This traditional labeling of landpowers and seapowers rings true to some extent but does not help us explain why tensions over parts of the world’s oceans and islands may lead to global war.26 Instead of seeing landpower versus seapower as the persistent geopolitical friction, we need to explore why countries seek to become seapowers and why they come into conflict with other maritime-oriented countries in the process. That requires understanding patterns of global inequality, the geography of rich and poor countries.

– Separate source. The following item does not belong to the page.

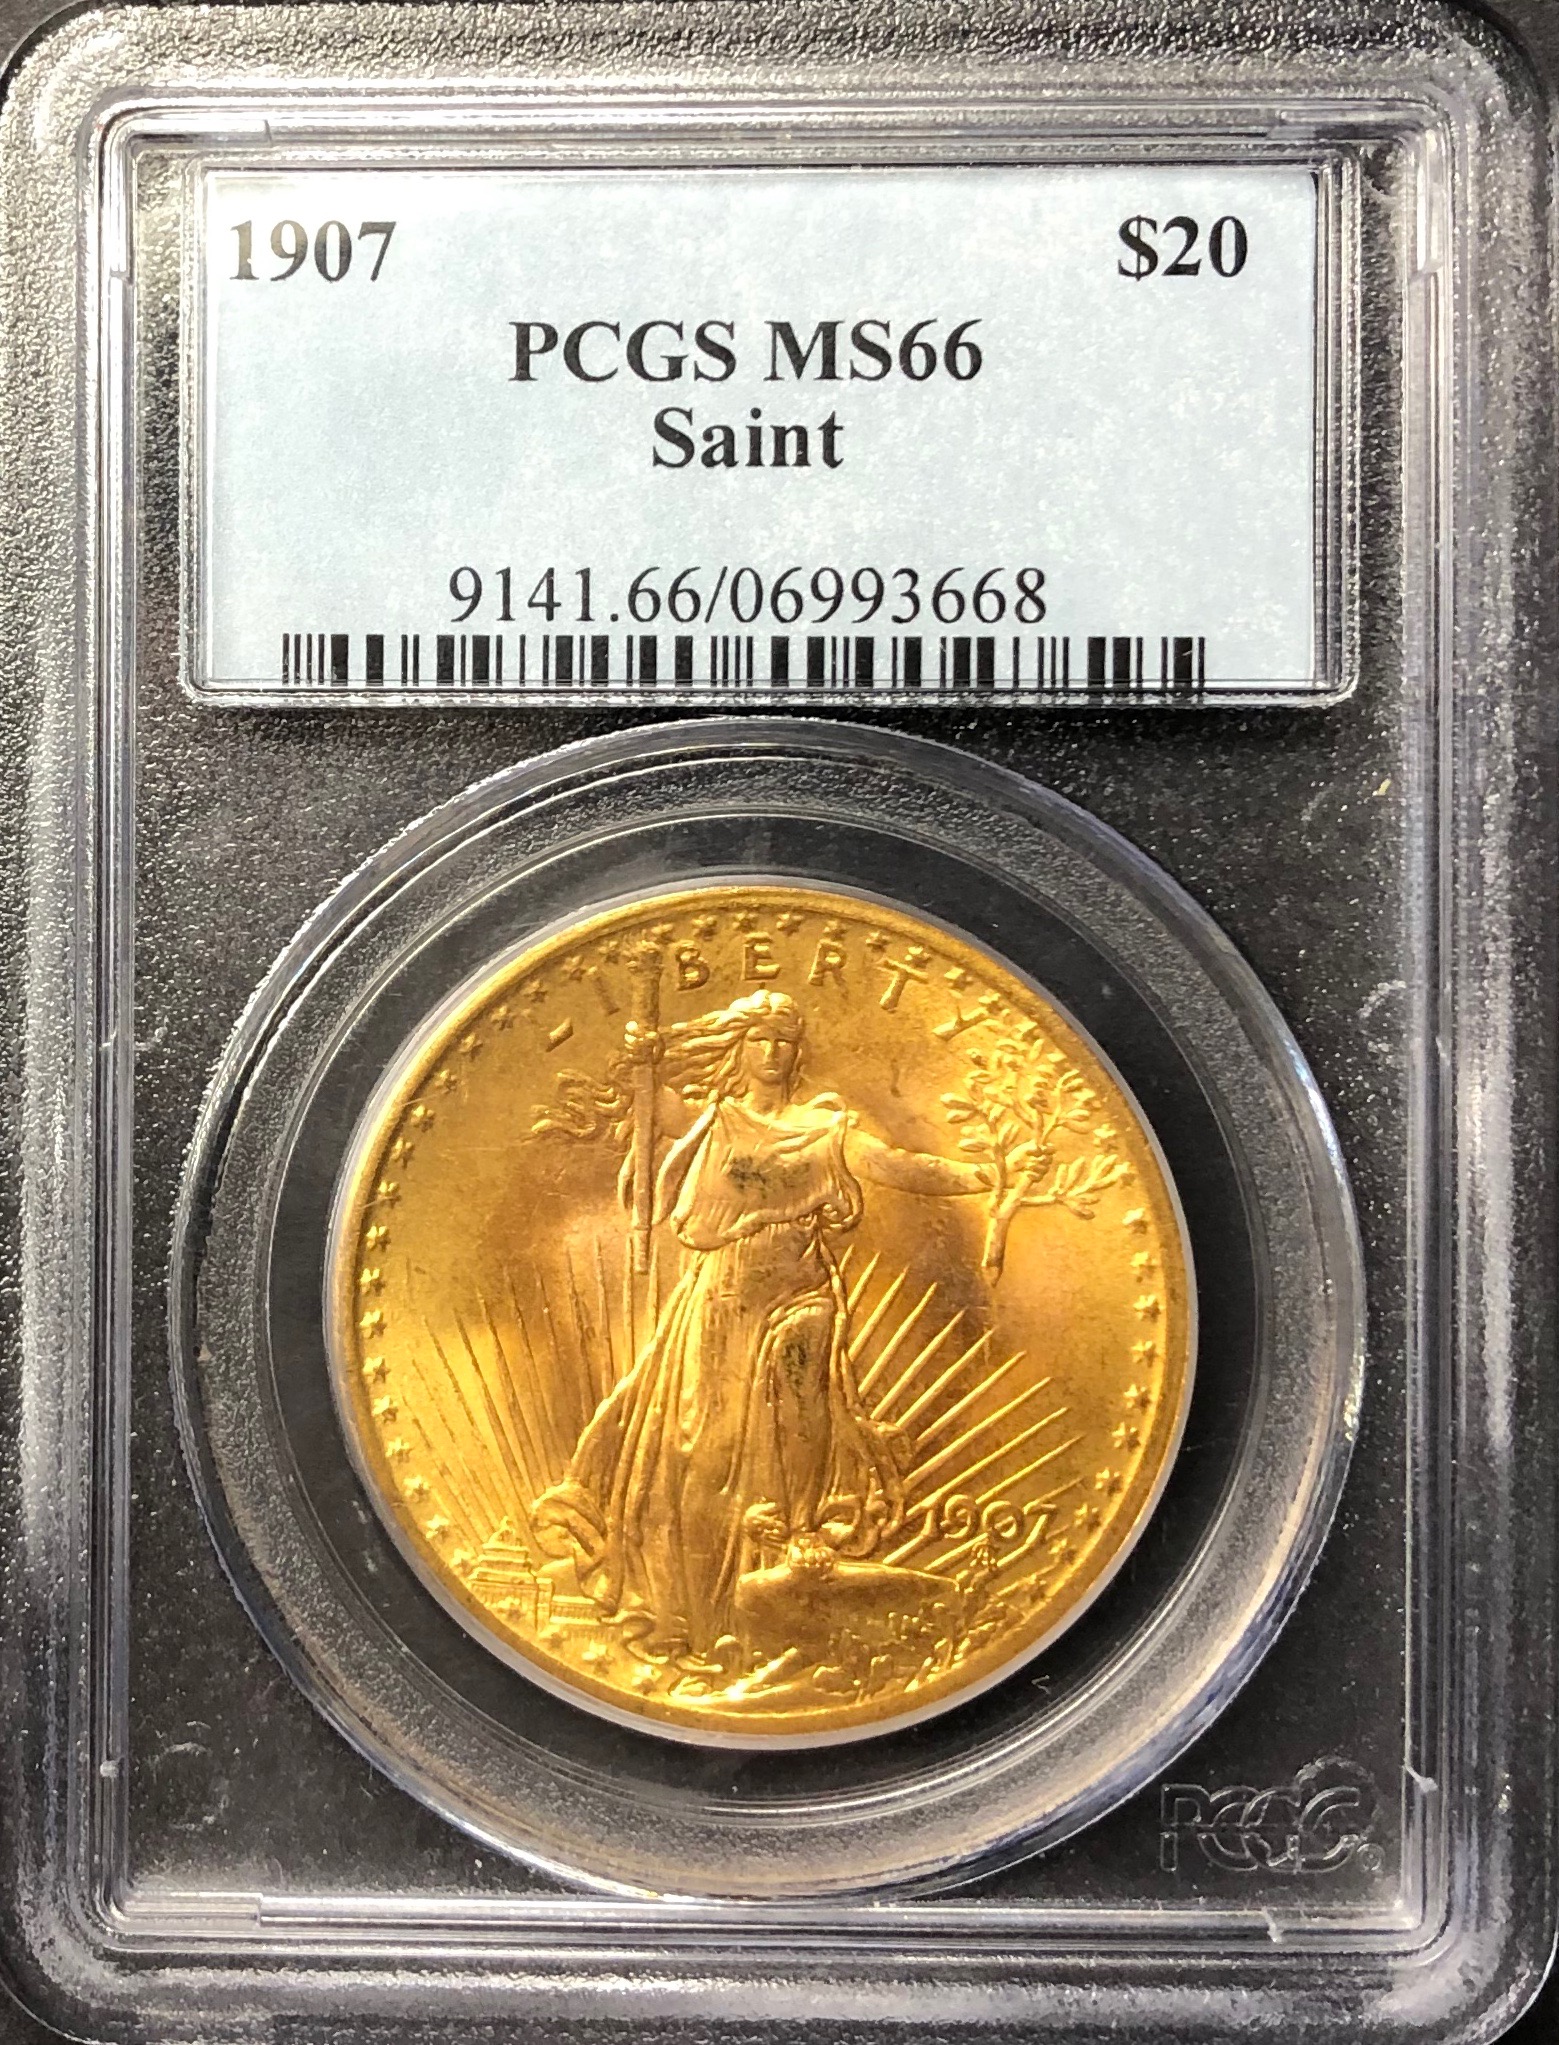 米国セントゴーデンス 20ドル金貨1924年 MS66 プライスガイド$4500
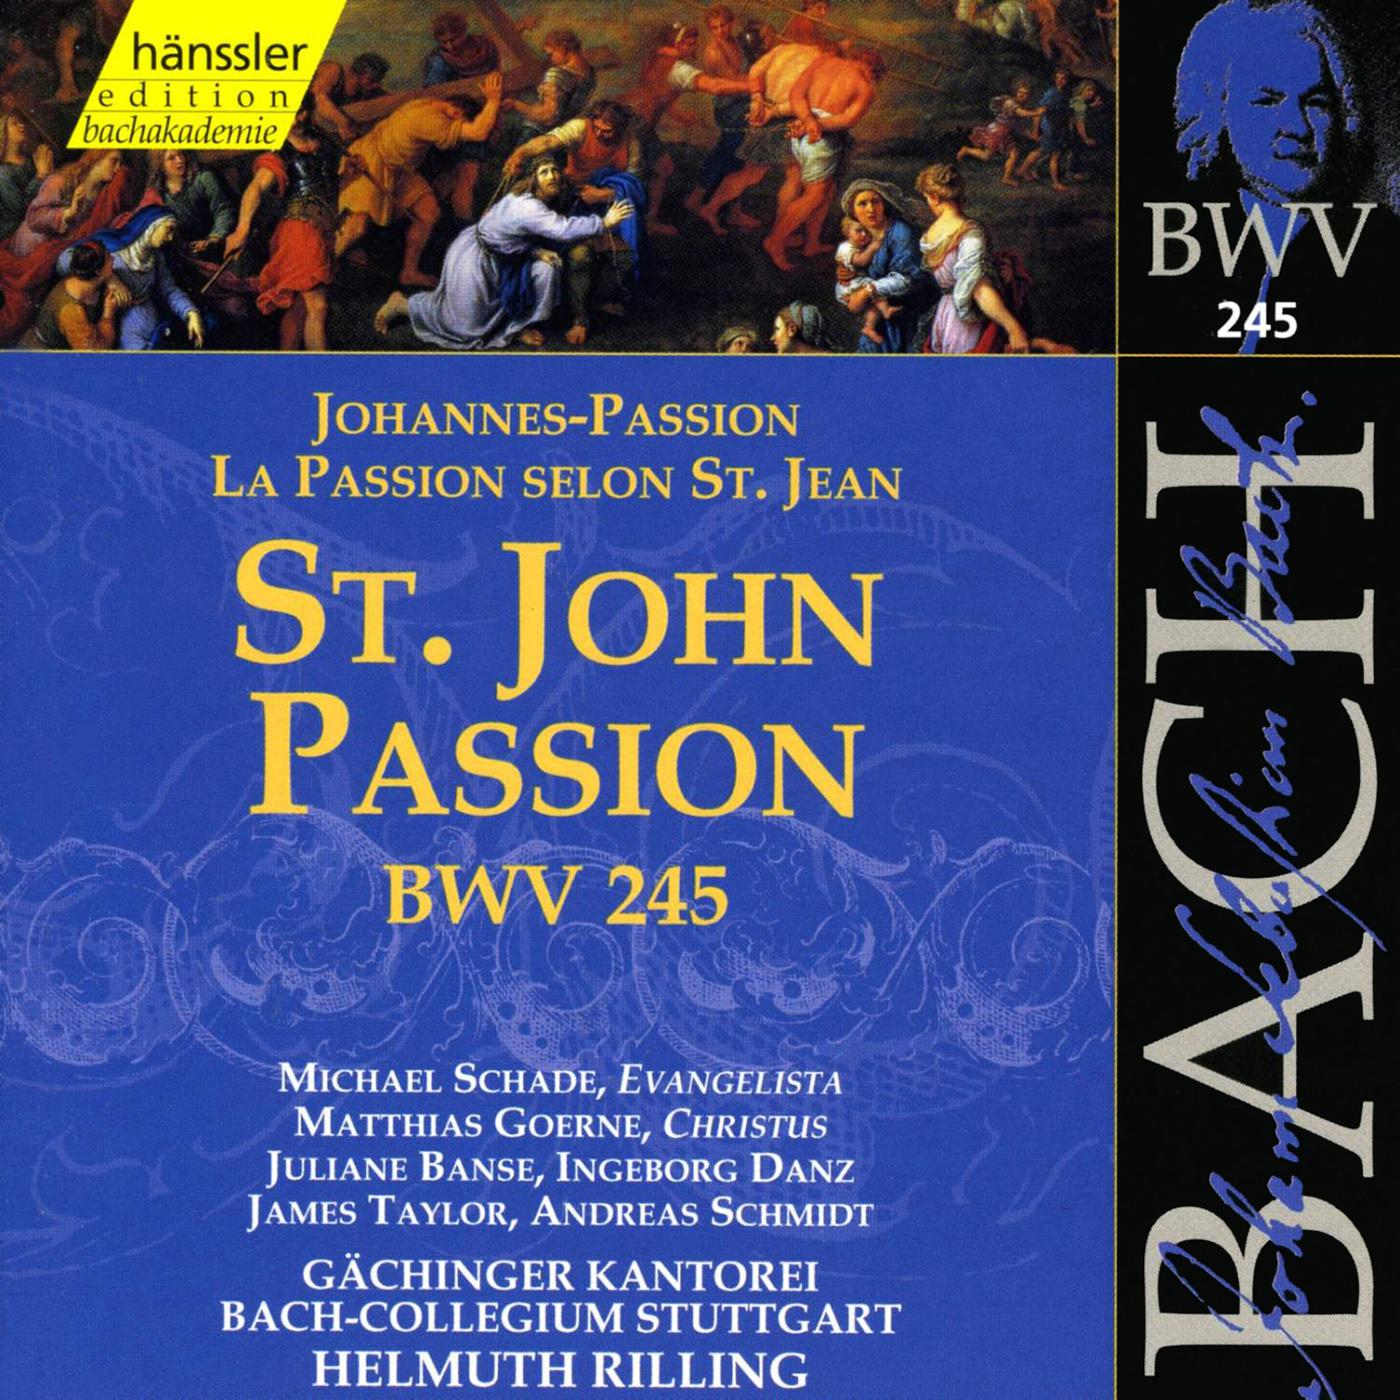 St. John Passion, BWV 245: Und die kriegsknechte flochten (Tenor, Chorus, Bass)

Primary and Subsidiary Countries

It is common sense that some countries are more powerful and wealthy than others. The geopolitics described in this book is one in which more powerful countries project their seapower and, relatedly, attempt to exclude countries from their coastal waters and territory. It is no coincidence that the countries projecting seapower are also the wealthier ones. The more powerful and wealthy countries are defined as primary and the weaker and less wealthy ones as subsidiary.27 The global inequality between primary and subsidiary countries has been a permanent feature of modern world history, is likely to continue, and is the underlying reason for the geopolitics of seapower.28

Hegemony

The most powerful primary country at a given time is called the hegemon or hegemonic country, and its period of dominance is called hegemony.29 Seapower, or more generally the ability to project power across the globe, has been a crucial part of the rise and fall of hegemonic powers.

Generative sector

Primary and subsidiary countries are tied to each other through economic and political connections. These connections are the reason for, and the means of, the projection of seapower. One of the most important set of relations, and the one that has in the past been a cause of war, is known as the generative sector—or the subsidiary countries that are the location of the raw materials essential for highly profitable manufacturing in primary countries.30 Creating the links between the generative sector and primary countries has, in the past, been a source of tension and conflict. More discussion of the concepts of primary and subsidiary countries, hegemony, and the generative sector follows in the next chapter.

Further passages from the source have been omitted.